# Grizzly G0582 24: Wide Belt Sander



## TheOldTimer

You may want to try Industrial abrasives , they are very nice people to deal with. Good luck on your purchase and hope you have many years of good usage from the machine.


----------



## redryder

BoardSMITH….....what kind of lazy review are you trying to give us??

A review of how a woodworking tool actually works. Why would we want to know about such goingings on??

No info on the packaging and shipping?? Did the delivery driver give you a hug?? Was the machine wrapped in bubble wrap and greased to the max??

And no info on the "*FIT AND FINISH*"?? To this day I have no idea what that means but to a lot of people I do know that it is really important. After paying the bill and providing months and years of loyal service, the "*FIT AND FINISH*" is something that must matter a lot.

This machine sounds like a solid performer after your months of use. Great review but I bet a lot of people will miss the *Blah, blah, blah, etc…*


----------



## Bogeyguy

I would tell the whiners, blah, blah, blah. LOL!


----------



## shopmania

Nice review. I would love to have one of these! How much did you pay for it?


----------



## BoardSMITH

The pricing is posted on the Grizzly web site.


----------



## Sarit

Great review!

Why the read out will allow me to enter something in the middle is not clear since it goes to the next closest reading.

I think DRO's resolution is only 0.005" like those wixey gauges so it always jumps to the closest 0.005". I agree though they should only allow you to enter a 5 or 0 for the last digit.

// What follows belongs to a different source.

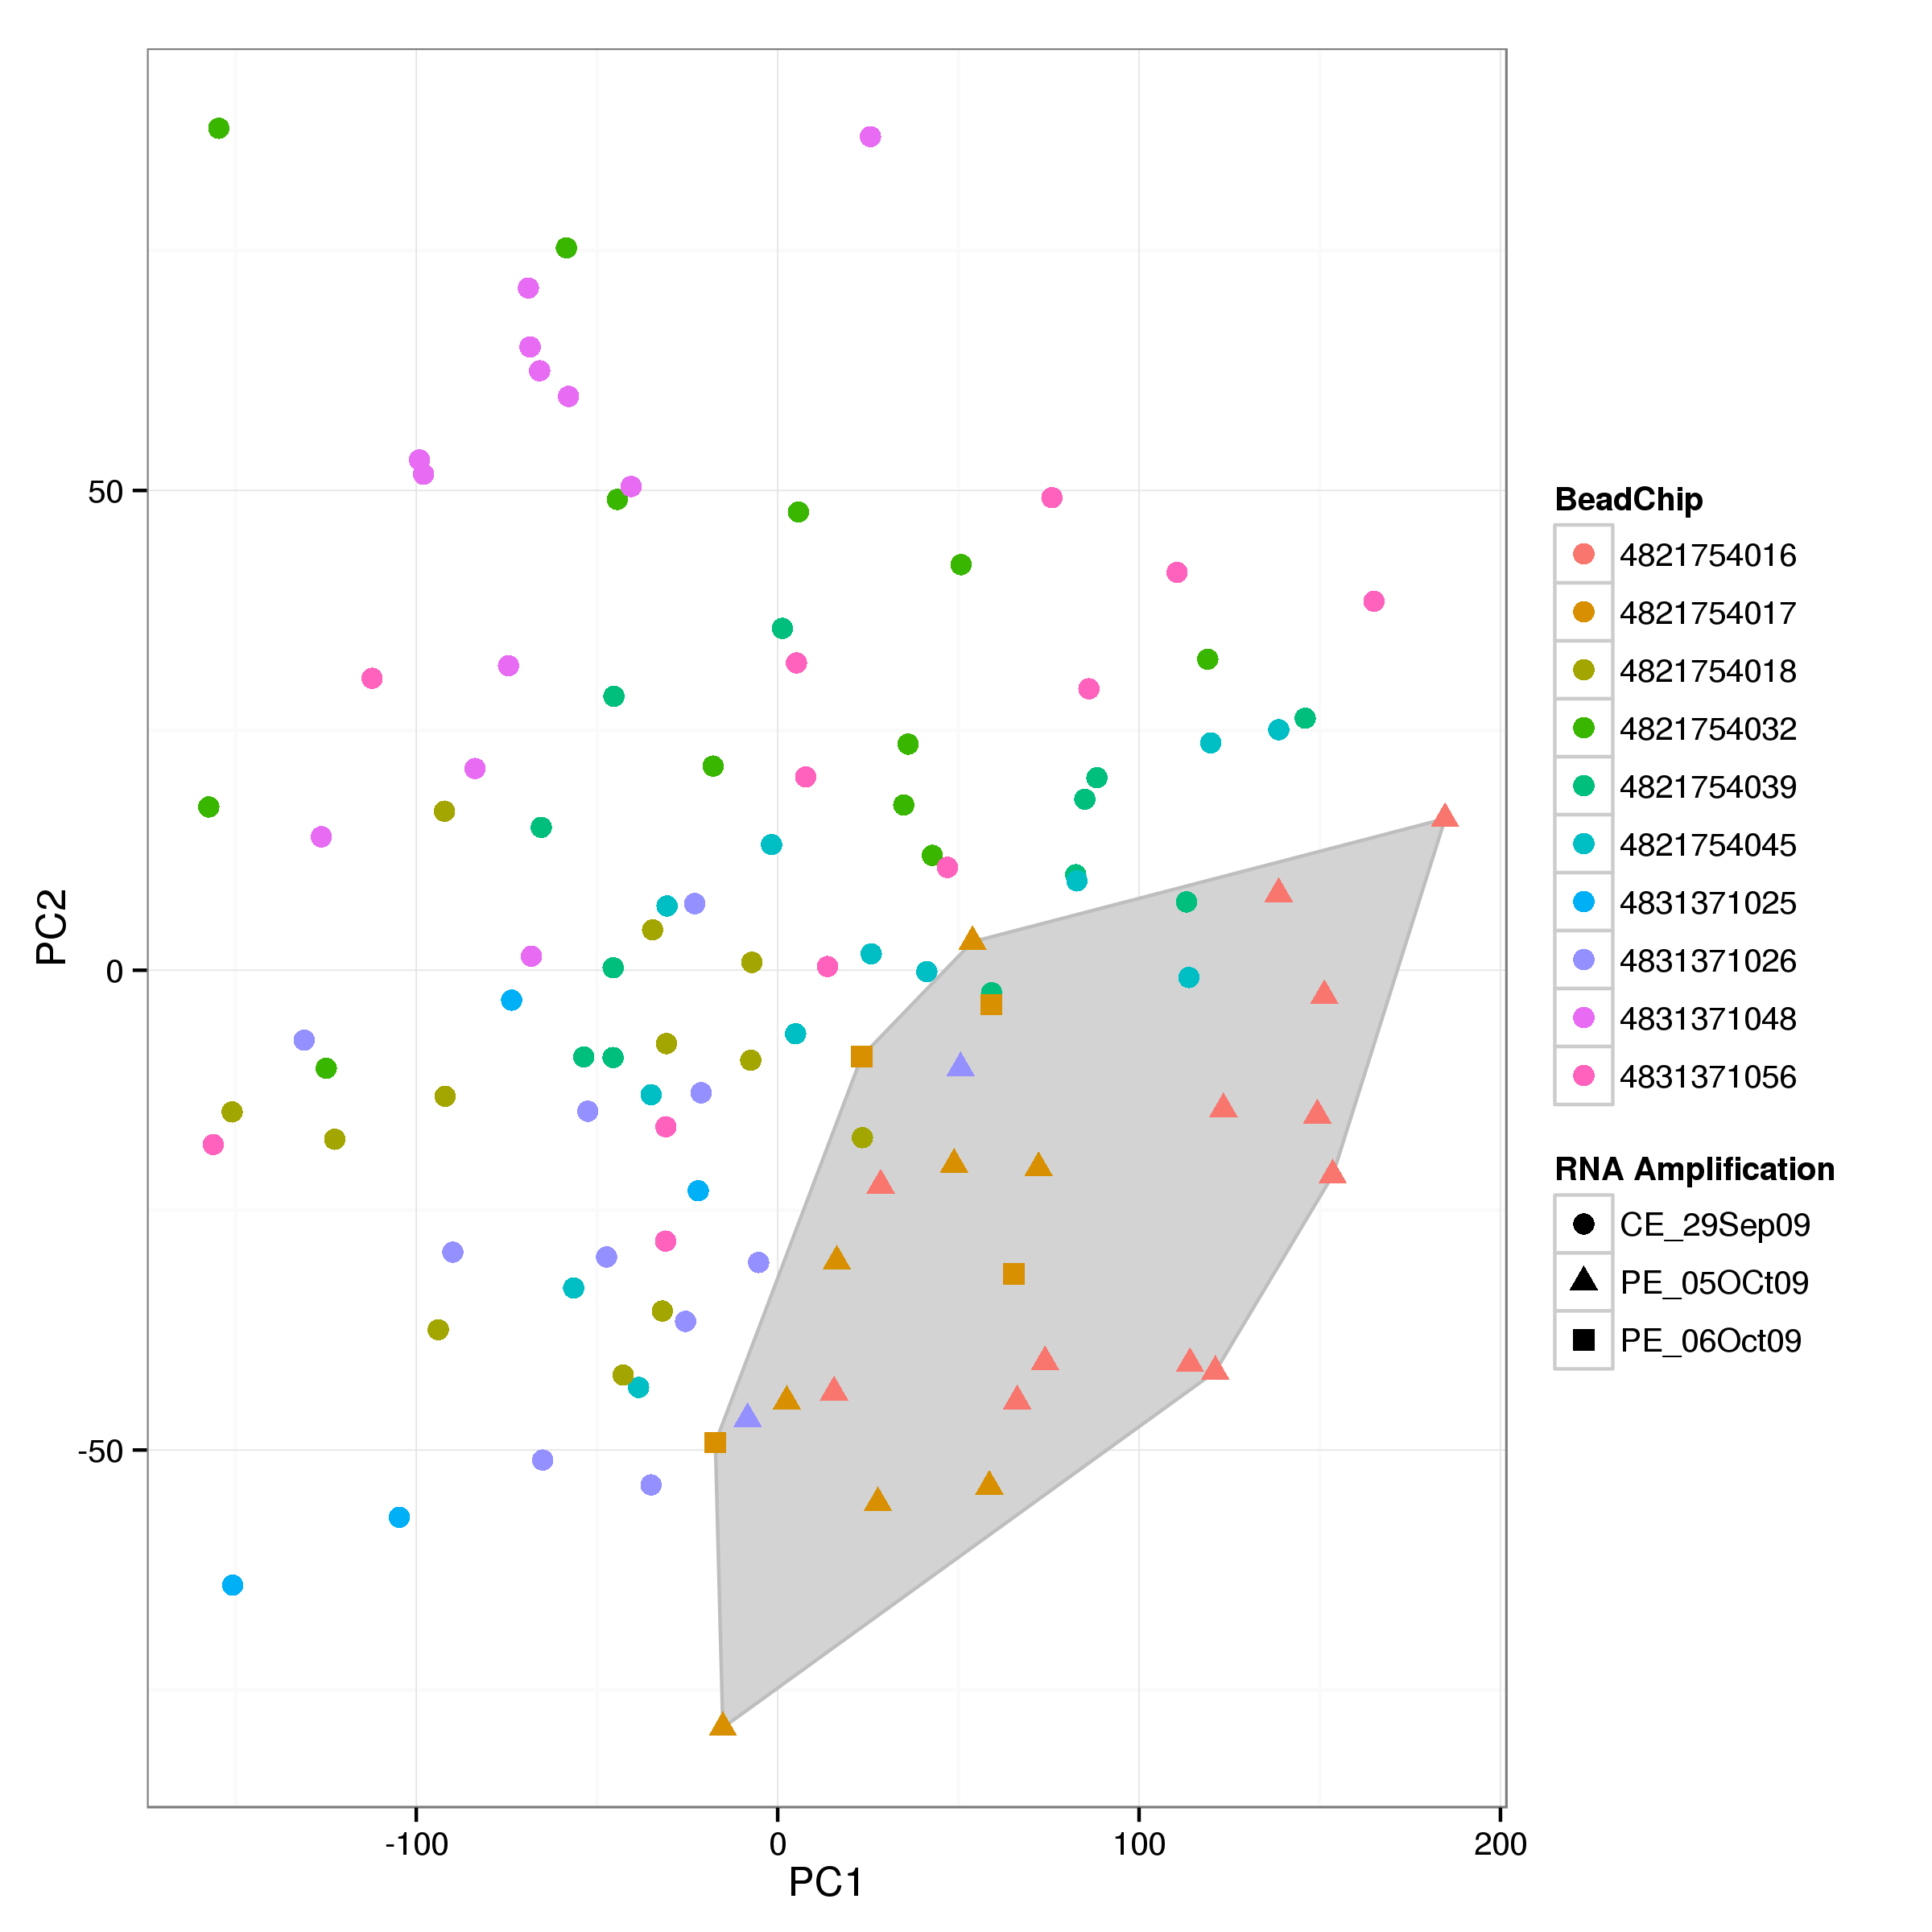 **Figure 2:** PCA plot of probe intensities by sample. Colours correspond to different BeadChips while shapes indicate different amplification dates. Samples from the two amplifications in October 2009 are clustered together (highlighted by the grey area).

Also I see on the Grizzly site that its Approx. shipping weight: 1573 lbs. not 2500 pounds. I looked it up because I couldn't believe a 24" sander could weigh over a ton.

Can you tell us about the pros/cons of why you chose a belt sander vs drum sander? I've only ever considered those open end drum sanders since you could theoretically double the width by turning the boards around and running them through on the other side and for a small shop like mine I need all the space that saves.


----------



## timbertailor

Nice review. One of the tools I will be purchasing when I move and have more room.


----------